Abrosimov “set off” from the “Northern shipyard”
Does the lawsuit of the Prosecutor General’s Office threaten the St. Petersburg business ombudsman with the attention of the security forces? In St. Petersburg, the Prosecutor General’s Office continues to seek the return to state ownership of the berths of the strategic enterprise Severnaya Verf, privatized back in 1994 and owned by the stevedoring company Commercial Center, Transport and Forest (KCTL).
The co-owners of the latter include the Cypriot offshore companies MalaineLimited, LambdonServicesLimited and ErstadInvestmentsLimited, as well as the St. Petersburg companies Leverage and Little Happiness, owned by the Ombudsman for Entrepreneurs in St. Petersburg Alexander Abrosimov and his daughters. In the 90s, Abrosimov served as commercial director of Severnaya Verf; at the same time, he led the KCTL, whose assets at that time were registered in offshore structures, which were associated in the media with the family of the business ombudsman. Now the deprivatization of shipyards threatens the commissioner with serious financial losses, because every year KCTL brings in hundreds of millions of rubles in revenue. Some of these funds may “settle” in the accounts of affiliated offshore companies, moreover, the press has repeatedly mentioned that Abrosimov’s children and grandchildren have US citizenship, which in today’s conditions of confrontation with the Prosecutor General’s Office may arouse interest in the commissioner and his family from the side of the tax and law enforcement agencies. departments. Abrosimov gained notoriety after the high-profile bankruptcies of St. Petersburg ZAO Stroykomlekt, which was one of the contractors of Smolny, and its beneficiaries – relatives of the business ombudsman of the father and son Alexander and Oleg Shamarins. Then, as a result of cunning schemes, the assets of the bankrupts were registered in the name of one of Abrosimov’s daughters. In the meantime, the commissioner and members of his family earn on the former state property, St. Petersburg businessmen are expressing massive dissatisfaction with the activities of the ombudsman, who has already been threatened with filing a class action lawsuit for refusing to promptly respond to incoming complaints. Abrosimov himself, in his last year’s report, stated that, compared with the previous period, the number of applications received by him decreased by more than 40%.

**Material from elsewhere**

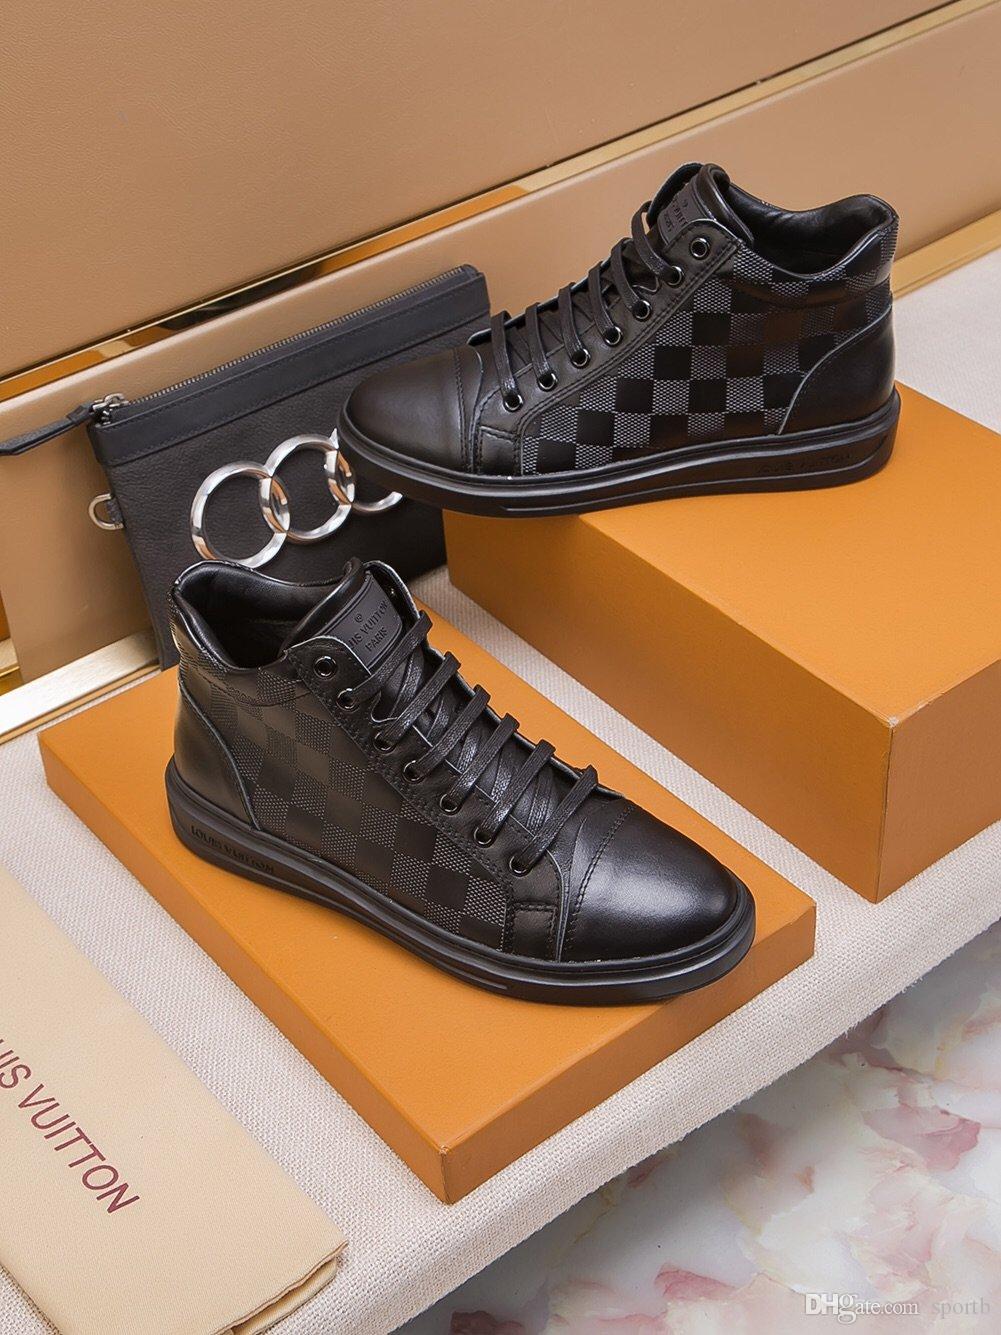 2019 A2 Hochwertige Art und Weise flache Freizeitschuhe Herrenschuhe, Luxus-High-Top-Spitze-oben Turnschuhe original Box-Verpackung Zapatos Hombre

The Prosecutor General’s Office took over the berths of the Northern Shipyard
Proceedings are ongoing in St. Petersburg on the suit of the Prosecutor General’s Office on the return to state ownership of the berths of the strategic enterprise Severnaya Verf, owned by the stevedoring company Commercial Center, Transport and Forest (KCTL). Earlier, the arbitration took interim measures in the form of arrest of KCTL shares, a ban on making any changes to the register of shareholders of the enterprise, as well as making decisions by its governing bodies on the payment of dividends, distribution of profits and losses, payment of remuneration to members of the board of directors, etc.
According to RAPSI, the supervisory agency is seeking to invalidate the agreement signed back in November 1994 by Severnaya Verf and KCTL on the formation and activities of the holding group and to restore the situation that existed before the violation of the rights of the Russian Federation. According to media reports, the privatization documents are signed by well-known reformers of the 1990s: Anatoly Chubais, Yegor Gaidar, Alfred Koch and Mikhail Manevich.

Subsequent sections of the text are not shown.